Sites	GHI Dust	GHI Normal	GHI Loss
Tripoli (32.8° N, 13.2° E, Libya)	4.30 *	5.20 *	17.18%
Athens (37.9° N, 23.7° E, Greece)	3.11	4.98	37.18%
Izmir (38.4° N, 27.1° E, West Turkey)	1.97	4.80	58.83%
Heraklion (35.3° N, 25.1° E, Crete, southern Greece)	3.14	4.81	34.54%
Sochi (43.60° N, 39.7° E, Russia)	1.84	3.86	52.20%
Cairo (30.1° N, 31.2° E, Egypt)	4.89	5.51	11.08%

* GHI values are in (kWh m⁻²).

and

Table 2. Daily mean GHI reduction city-wise during dust event 2.

Sites	GHI Dust	GHI Normal	GHI Loss
Tripoli (32.8° N, 13.2° E, Libya)	3.70 *	4.91 *	26.62%
Cagliari (39.2° N,9.1° E, Italy)	2.54	3.66	30.48%
Barcelona (41.3° N, 2.1° E, Spain)	1.12	4.29	73.82%
Hamburg (53.5° N, 9.9°E, Germany)	1.75	2.63	33.38%
Copenhagen (55.7° N, 12.5° E, Denmark)	1.29	2.93	55.71%

* GHI values are in (kWh m⁻²).

, respectively. The first dust storm affected Eastern Mediterranean countries with a mean GHI attenuation of ~25–53%, reaching the Black Sea. The second dust event affected Western Europe with a mean GHI attenuation of ~4–64%. The GHI loss was determined by subtracting the daily mean GHI under high aerosol load from the GHI under normal conditions (without a dust storm) extracted from the PVGIS tool for the specific sites.

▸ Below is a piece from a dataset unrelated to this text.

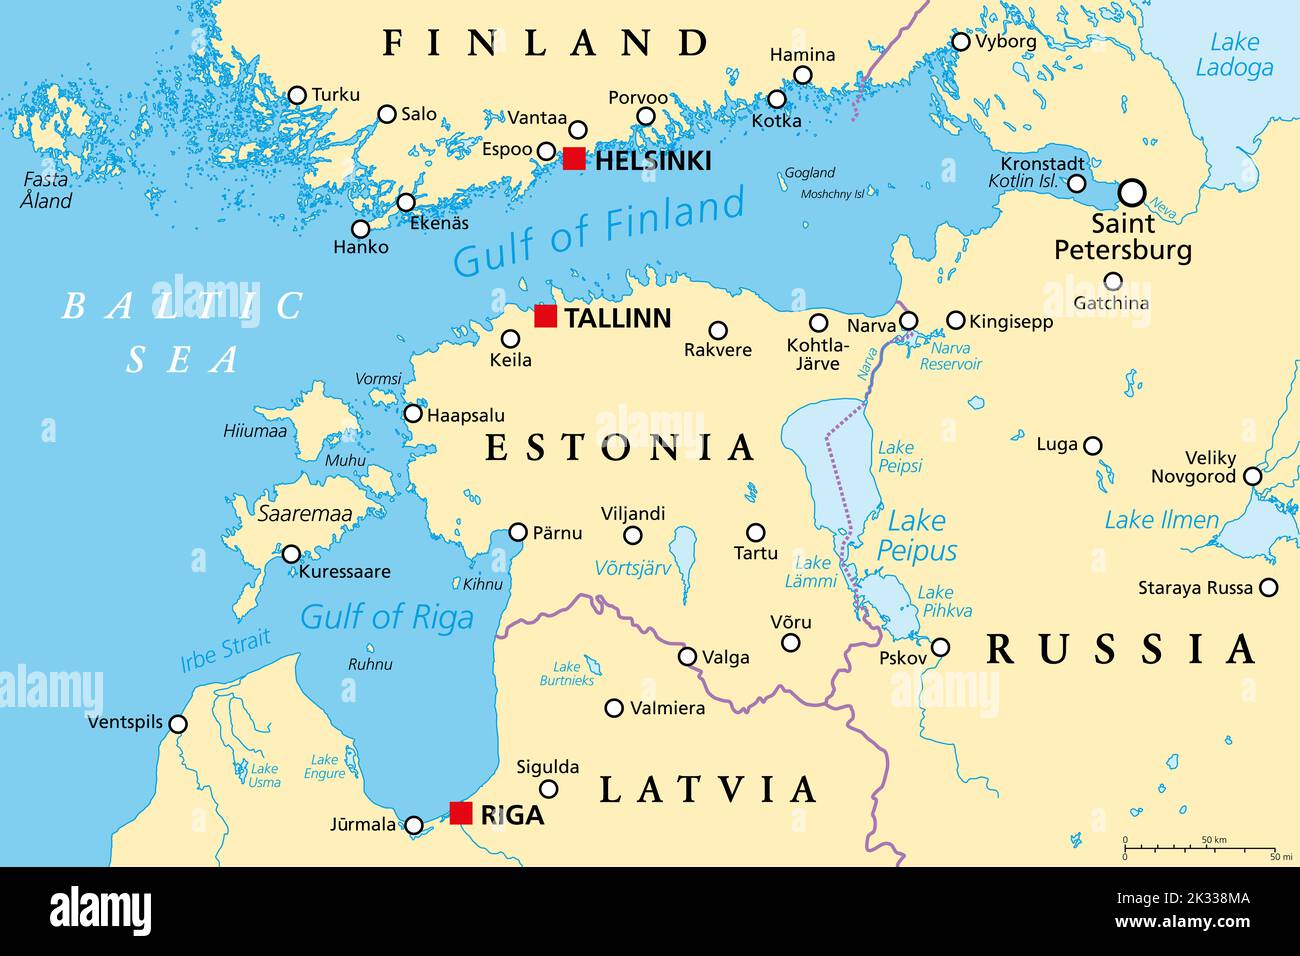 Golfo de Finlandia y región de Riga, mapa político. Países nórdicos Finlandia, Estonia y Letonia, alejan del mar Báltico a San Petersburgo, Rusia. Foto de stock

The total combined EP losses vary between 4 and 11 GWh for an estimated total PV capacity of ~2.2 GW over Eastern Mediterranean and 14–25 GWh for an estimated total PV capacity of ~4.8 GW over the Western European region during dust event 2 (Figure 4a,b) [9]. Figure 4a depicts the drop in EP from 10 to 60%, owning to FL is in the range of 40 –720 K euros over the eastern Mediterranean. However, Figure 4b shows the drop in EP from 10 to 40% leading to FL in the range of ~ 180–1210 K euros over Western Europe. The losses in energy production led to an estimated overall economic loss of EUR 1.12 million and EUR 2.81 million during the first and the second dust episodes, respectively, affecting almost 13% (7 GW) of installed solar capacity across the affected regions [9,10]. The accuracy of the estimated PV production as compared to the real values was previously studied in various papers, indicating the level of uncertainty under realistic conditions [5,11].

4. Conclusions

The intensity of the events was extremely high, with total AOD reaching 1.2–2.7 more than 2000 km from the dust sources. A significant reduction in daily mean GHI for the seven GW PV system capacity was observed. The total production was quantified under normal conditions and during the dust event resulting in 44% losses in mean EP and FL of ~EUR 3.93 million. The EP loss led to a significant economic loss during both dust events; however, losses over the Western European region were massive compared to the Mediterranean region. The limitations of the proposed approach deal with the non-operational setup of the observations and calculations performed to act as an early warning system for renewable energy security and grid stability under forthcoming dust events. The next step of this study will be the operational implementation and to compare the dust effect quantification separately for each one of the PV plants with the current first estimations.